Atividade de cabotagem cresce 11,3% entre janeiro e abril

O setor portuário brasileiro, de forma geral, não registrou os impactos da pandemia do novo coronavírus. É o que revelou um levantamento do Ministério da Infraestrutura, sobretudo na navegação por cabotagem, entre portos marítimos. Com base em dados estatísticos da Agência Nacional de Transportes Aquaviários (Antaq), a atividade de cabotagem registrou alta de 11,3% na movimentação entre janeiro e abril de 2020, em relação ao mesmo quadrimestre do ano passado. No total, o setor transportou 60,8 milhões de toneladas no período.

De acordo com o ministério, o crescimento na movimentação por cabotagem está relacionado ao maior volume no transporte de graneis líquidos e gasosos (10,1%), com destaque para o setor de petróleo e derivados. Já o transporte de graneis sólidos registrou alta de 58,1% no nos quatro primeiros meses do ano.

Quando a movimentação geral é levada em consideração, o setor portuário também registrou alta de 3,7% no período, sendo 65,2% das cargas operadas pelos portos privados e 34,8%, pelos portos públicos.
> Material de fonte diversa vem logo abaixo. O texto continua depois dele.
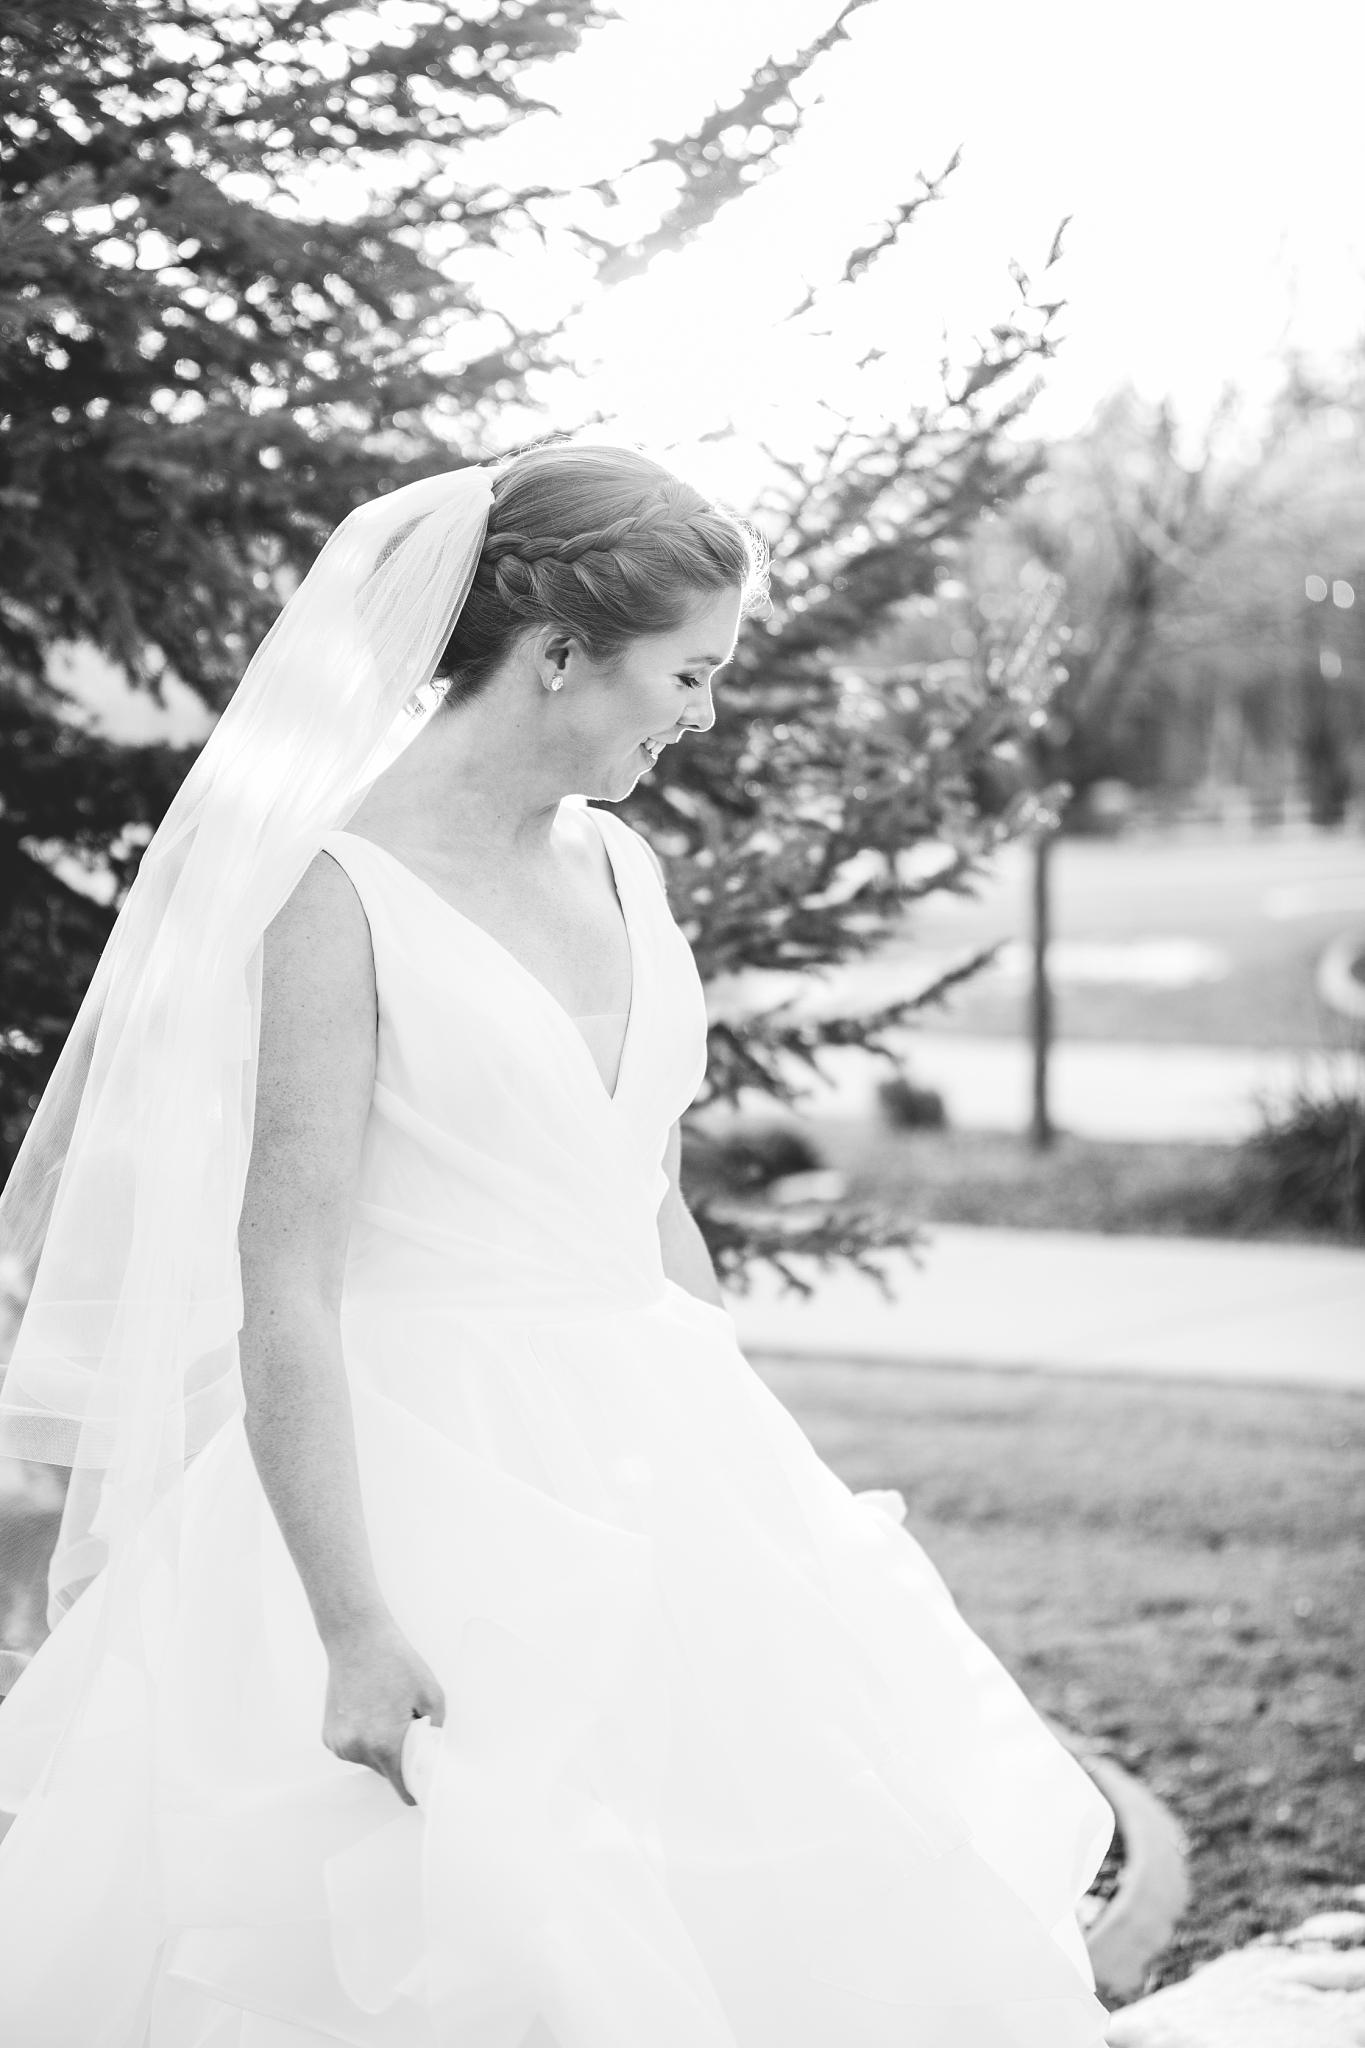 CN-Wedding-245-BW_Lizzie-B-Imagery-Utah-Wedding-Photographer-Blessed-Sacrament-Catholic-Church-Sandy-Utah-The-Blended-Table-Salt-Lake-City.jpg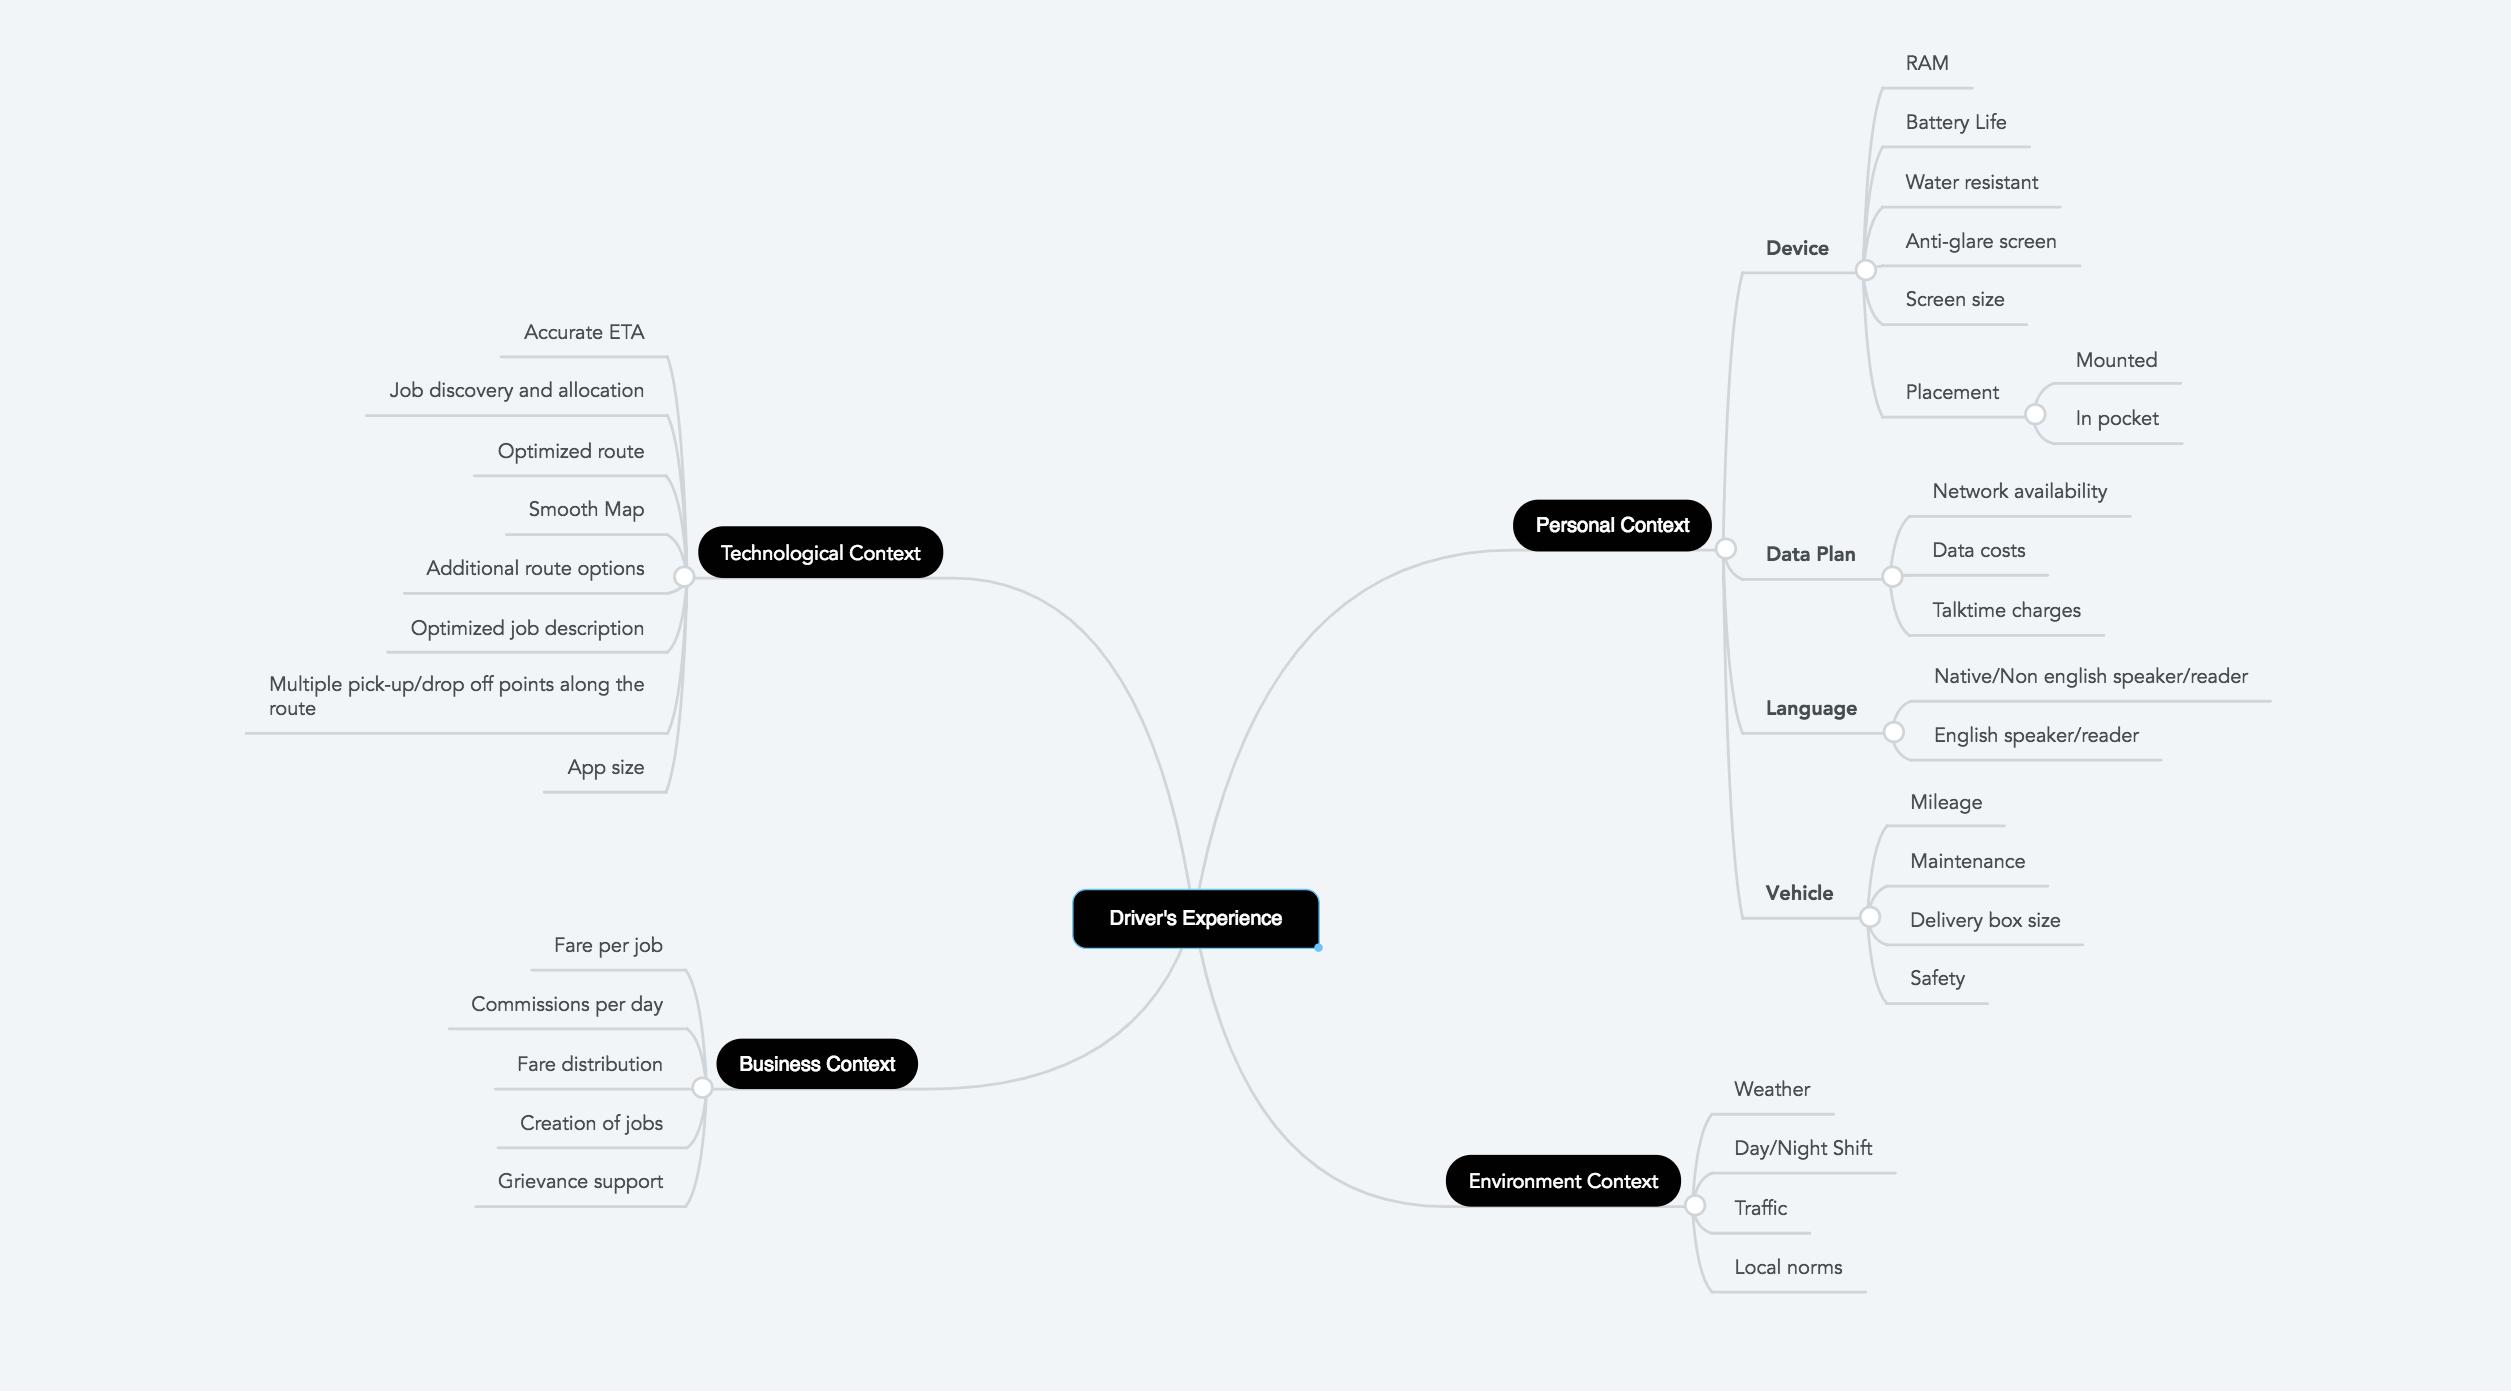 mind map اجرای پروژهی طراحی تجربه کاربری

Em toneladas, o volume total transportado foi de 340,4 milhões. Novamente, a movimentação de graneis líquidos e gasosos impactou os dados, após alta de 15,1% no período.

Segundo o levantamento da pasta, mesmo após o mês de janeiro ter registrado quedas de 30% no transporte de minério de ferro e soja, na comparação com 2019, o setor apresentou recuperação nos meses seguintes, com o minério de ferro mantendo o nível do ano anterior, e o petróleo e a soja impactando no resultado positivo final.

“Apesar de termos segmentos mais afetados durante a pandemia, o setor portuário tem mostrado resiliência aos efeitos da crise, mostrando um crescimento relevante no fechamento de dados do primeiro quadrimestre, com destaque para o aumento das movimentações da cabotagem. Isso mostra que estamos no caminho correto ao traçar o programa BR do Mar, que tem como objetivo potencializar ainda mais esse crescimento”, avalia o ministro da infraestrutura, Tarcísio Gomes de Freitas.

Companhia das Docas

Na análise individualizada das autoridades portuárias que administram os portos públicos, levando-se em consideração dados de janeiro a maio, destaque para a Companhia Docas do Pará (CDP), que teve acréscimo de 30% no período, em comparação com o ano anterior; para o Porto de Suape (PE), com alta de 21,1%; para a Portos do Paraná, que administra os portos de Paranaguá (PR) e Antonina (PR), com alta de 20,5%; além da SPA, autoridade portuária do Porto de Santos (SP), que registrou crescimento de 12% no período acumulado.

Dentre os maiores incrementos de movimentação nesse período, é possível destacar o aumento de 27,15% na movimentação de granel sólido vegetal no Porto de Paranaguá; de 28,33% na movimentação de granel líquido no Porto de Suape; e de 13,64% na movimentação de contêineres no Porto de Santos.

Os portos administrados pela Companhia Docas do Espírito Santo (Codesa), pela Companhia Docas do Rio de Janeiro (CDRJ) e pela Companhia Docas do Estado da Bahia (Codeba) tiveram maior impacto nas movimentações, uma vez que representaram perdas de 15,68%, 34,37% e 6,27%.

Houve redução de 27,62% na movimentação de granel sólido no Porto de Vitória (ES) e de 24,36% de granel líquido combustível no Porto do Rio de Janeiro (RJ). Entretanto, embora sejam portos de movimentação expressiva, o levantamento realizado mostra que, até o momento, a tendência de queda geral no transporte não é uma realidade do setor portuário.